Mentre mi accingevo a esprimere con
l’obbligatorietà della sintesi questa mia riflessione, nel rivedere il mio percorso umano di presa di
coscienza delle cose vere della vita, ho anche analizzato il mio cammino di
approfondimento della mia relazione con lo Stato, ho esaminato le mie battaglie
non facili ma alle quali ho sempre creduto nella consapevolezza che la logica
dell’uomo di Stato è spesso terreno di scontro contro la sopraffazione della
dittatura mafiosa, ma io avevo giurato fedeltà allo Stato, ai principi di
democrazia, giustizia e legalità e solo a quelli dovevo ispirare le mie regole
di comportamento umano e la mia attività lavorativa e mai avrei dovuto
subordinarla ad interessi di parte o limitarne il campo di azione.
Ho analizzato le batoste subite,
l’isolamento nei momenti critici da parte di chi per logica di potere non mi ha
supportato e fu allora che compresi che lo Stato non sempre stava dalla parte
dello Stato, ed ancora il rammarico per le tante cose importanti che non ho
potuto realizzare ma anche i buoni risultati raggiunti per il successo della
equità sociale e per il rispetto della
dignità , grazie sopratutto all’ottima collaborazione di chi ha voluto rischiare
condividendo le mie idee, scegliendo percorsi impopolari e scomodi.

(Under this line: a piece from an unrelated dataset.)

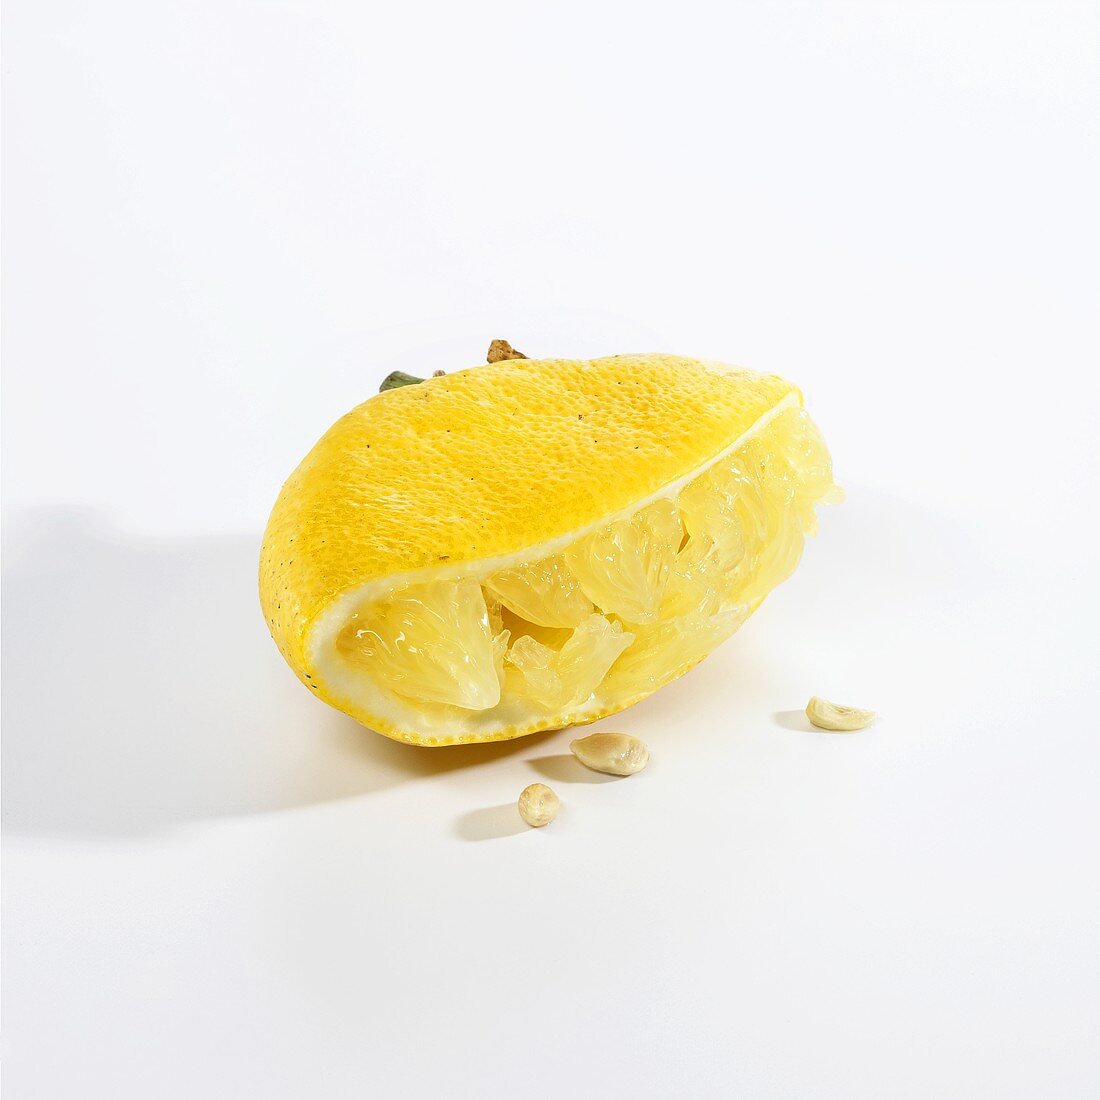 Eine ausgepresste Zitronenhälfte

E a costoro che dedico questo ambito
riconoscimento odierno che per me è motivo di riconoscenza e orgoglio e ai
quali urlo, con la forza della voce del cuore e non più ahimè della parola, che
oggi possiamo ben gioire perché la
strada per proclamare il lutto della mafia
è già aperta, potremo godere nel vedere arresi e umiliati e sconfitti,
almeno sino a quando non si ravvederanno sinceramente, i potenti di una volta.

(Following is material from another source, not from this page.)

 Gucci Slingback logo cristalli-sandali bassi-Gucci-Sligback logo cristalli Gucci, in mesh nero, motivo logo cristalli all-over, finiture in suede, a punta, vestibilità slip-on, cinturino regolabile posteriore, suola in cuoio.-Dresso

Questo odierno è soprattutto il
riconoscimento ai tanti che credendoci con perseveranza e determinazione, hanno
messo in moto la loro testimonianza energica e generosa, generando un’eco
assordante nel tempo, il riconoscimento all’impegno entusiasmante di moltissimi
giovani di buon senso che hanno valorizzato ed amplificato con il sistema “del
passa parola” il mio piccolo esempio, istituendo una rete di alleanza, una nuova identità
secondo regole di uno Stato civile e democratico, un patto etico-morale
e culturale e, creando nuove coscienze orientate al rispetto della natura umana,
hanno sferzato un’azione punitiva nei confronti della malavita organizzata. Io
ho semplicemente fatto il mio dovere.
Provate a immaginare a dover vivere
in un Paese in cui si è privati della libertà e dei diritti legittimi, io non
ci sono riuscito….
Se credi in quello che fai, se
unisci la passione ai sogni è possibile che si avverino.
Così ho sentito di interpretare la
mia vita, pur sbagliando ma sempre proiettata alla realizzazione dei miei
ideali a cui mai vorrei rinunciare costi la mia vita. Non so se ci sono riuscito
ma ci ho creduto.
Un grazie di cuore al Signor
Sindaco, a chi è stato artefice di questa iniziativa e a tutti coloro che hanno
collaborato e a quanti, anche a distanza mi stanno vicini. Sono onorato di
essere vostro concittadino. Vi abbraccio tutti.